My mice are going to be females. I have everything down about the care, now I'm just curious about details on behavior and such. 
Once they get used to their owner, are they affectionate? If so, how do they usually show affection?
Do they know themselves as an individual? A lot of animals don't.
Do they know their owner as an individual?
Do they give any sort of warning before they bite? (Sort of like how dogs will growl before biting.)
What is the best way for me to react when and if I get bit?
Also, in your opinion, what is the best, fairly inexpensive and commonly available mouse food? I had a mouse when I was 11 and I fed him Fiesta mouse blend and he got super fat so I don't think I want to feed the new mice that food...doesn't seem very healthy. Thanks!


----------



## RattyCake (May 18, 2012)

Personally, I care for rats, but I saw some similarities in there with the biting thing. My rat Kali rarely gives a warning when she nips, but it's not an aggressive nip so that's why. Usually if they hunch themselves in a corner or are asleep when you try to pick them up, they will bite you because they're scared.

I they do nip or bite, let out a high-pitched "Eep!" to let them know that it hurt. Sometimes they're only trying to find food or work out what this strange pink thing poking in their cage is


----------



## blade100 (Aug 24, 2009)

If you get your mice from a reputable breeder that handles them regularly then you should have no biting issues at all, unless of course you've just eaten a piece of food and not washed your hands before handling them.
Many pet shop mice and rats are not handled if at all so for first time owners and because of how pet shops rats and mice are bred I wouldn't touch them with a barge poll!

Food wise I feed my mice a home made mix of budgie seeds and mixed millet seeds. then burns dog food,a few mealworms,porridge oats and pumpkin seeds. 

What sort of cage have you got for them?

I find my mice don't really bother with me they seem to prefer there own company and of there own kind. 
However it's a different story with my rats who show affection. 
I can't really say i have noticed affection from my two mice.
And to catch them I hurdle them into there house as there so quick to catch. Once in my hands they are calm and sit while I stroke them.


----------



## peter0 (Oct 4, 2011)

I've only ever been bitten once and that was at the vets one time (He was not happy!) so i can't really comment on biting!

I feed mine a home made mix too. [email protected] rat muesli as the main mix then i add porridge oats, wild bird seed, branflakes/cornflakes, muesli and a couple meal worms and they get millet spray too. I have to echo what Blade says, Mice can become tame and show affection but many just like to go about doing their own things and they are fantastic to watch.

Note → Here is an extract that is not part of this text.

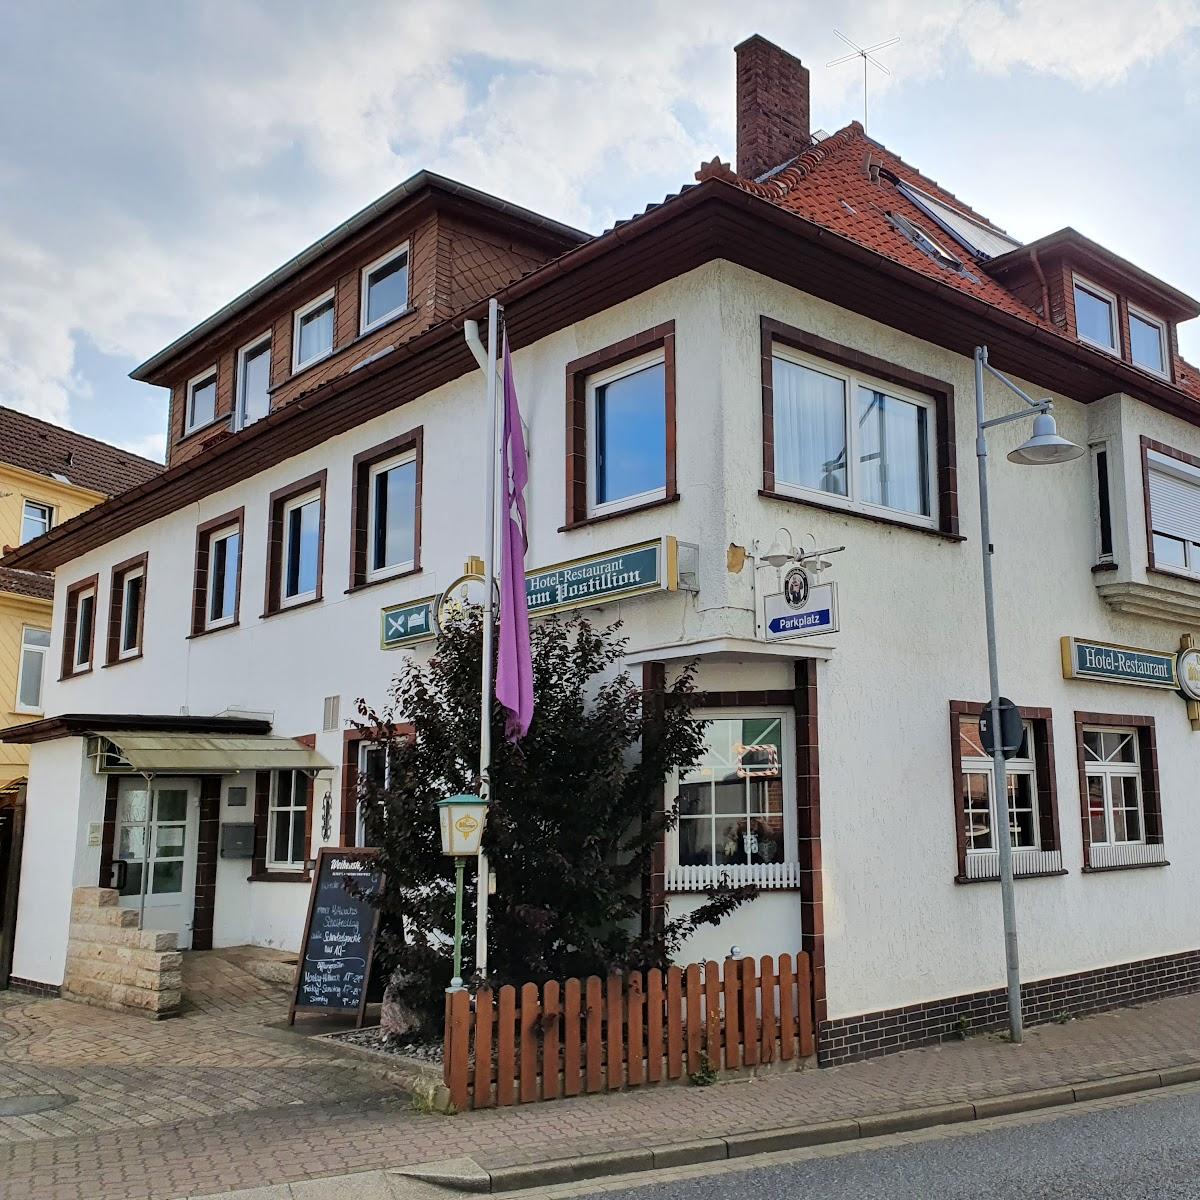 Restaurant "Hotel Restaurant Zum Postillion" in Soltau

I scoop them up in my hand (They don't really like it) But once out on the bed or playpen they're much calmer and happier


----------



## thedogsmother (Aug 28, 2008)

Mice rarely bite, they can be very people orientated if you give them enough attention and they are very self aware, they make friendships in the group and have preferances to who they spend their time with. Obviously pet shop or unhandled mice will take longer before they come round.


----------



## Crittery (May 2, 2011)

I've only been beaten by mice when they've been in pain. One thing that can help if you were bit is to blow on them as a deterrent, main thing is not to return them to their cage straight after biting in case they learn to associate biting = getting what I want!


----------



## AnnB (Nov 6, 2011)

Love the spelling error Crittery. I have visions of a gang of mice, clubbing you over the head!

I have a couple of naughty bucks that sometimes bite. I think they can smell the other mice on me and can sense a threat. As Crittery mentioned, blowing on them is usually enough to distract them and I also say "no" in a stern voice. Of all the mice I have kept, it's rare to find ones that bite though.

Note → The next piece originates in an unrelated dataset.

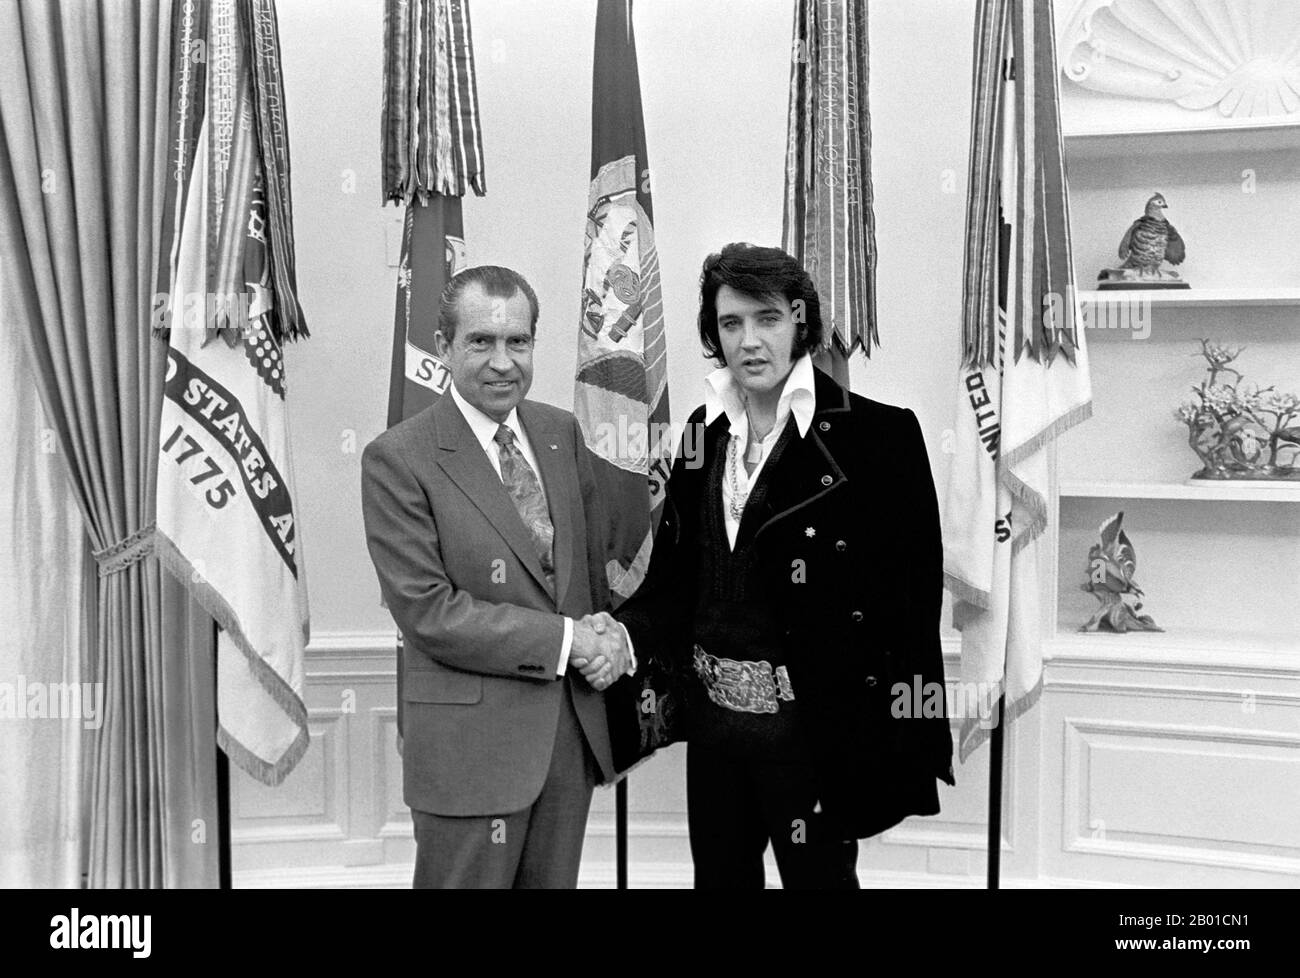 Etats-Unis: Le Président Richard Nixon (9 janvier 1913 - 22 avril 1994) entre les mains d'Elvis Presley (8 janvier 1935 - 16 août 1977) à la Maison Blanche, le 21 décembre 1970. Elvis Presley a rencontré le président Richard Nixon dans le bureau ovale de la Maison Blanche le 21st décembre 1970. La Bibliothèque et lieu de naissance de Nixon vend un certain nombre d'objets souvenirs avec cette photo et la légende, « le Président et le Roi ». Cheekily, cette photo est dite "des deux plus grands artistes de l'enregistrement du 20th siècle". Banque D'Images

I've noticed that my mice have individual characters, some seem to crave my attention and others are quiet and more nervous.


----------



## bewerewolff (May 29, 2012)

I have a 55g tank for them. I chose a tank because I have a cat and I don't want my cat somehow getting into my room when I'm not home and clawing at my mice through cage bars. My cat is definitely a hunter; he attacked my rabbits the moment I introduced him to them. I have a mesh lid for ventilation and plan on keeping my window open during the day to promote good air flow in my room. As far as food goes I think I'm going to feed high quality block food to ensure my mice get all of the nutrition they need and I'll also buy a pre-mixed food and give them a little bit of that daily so they can forage.


----------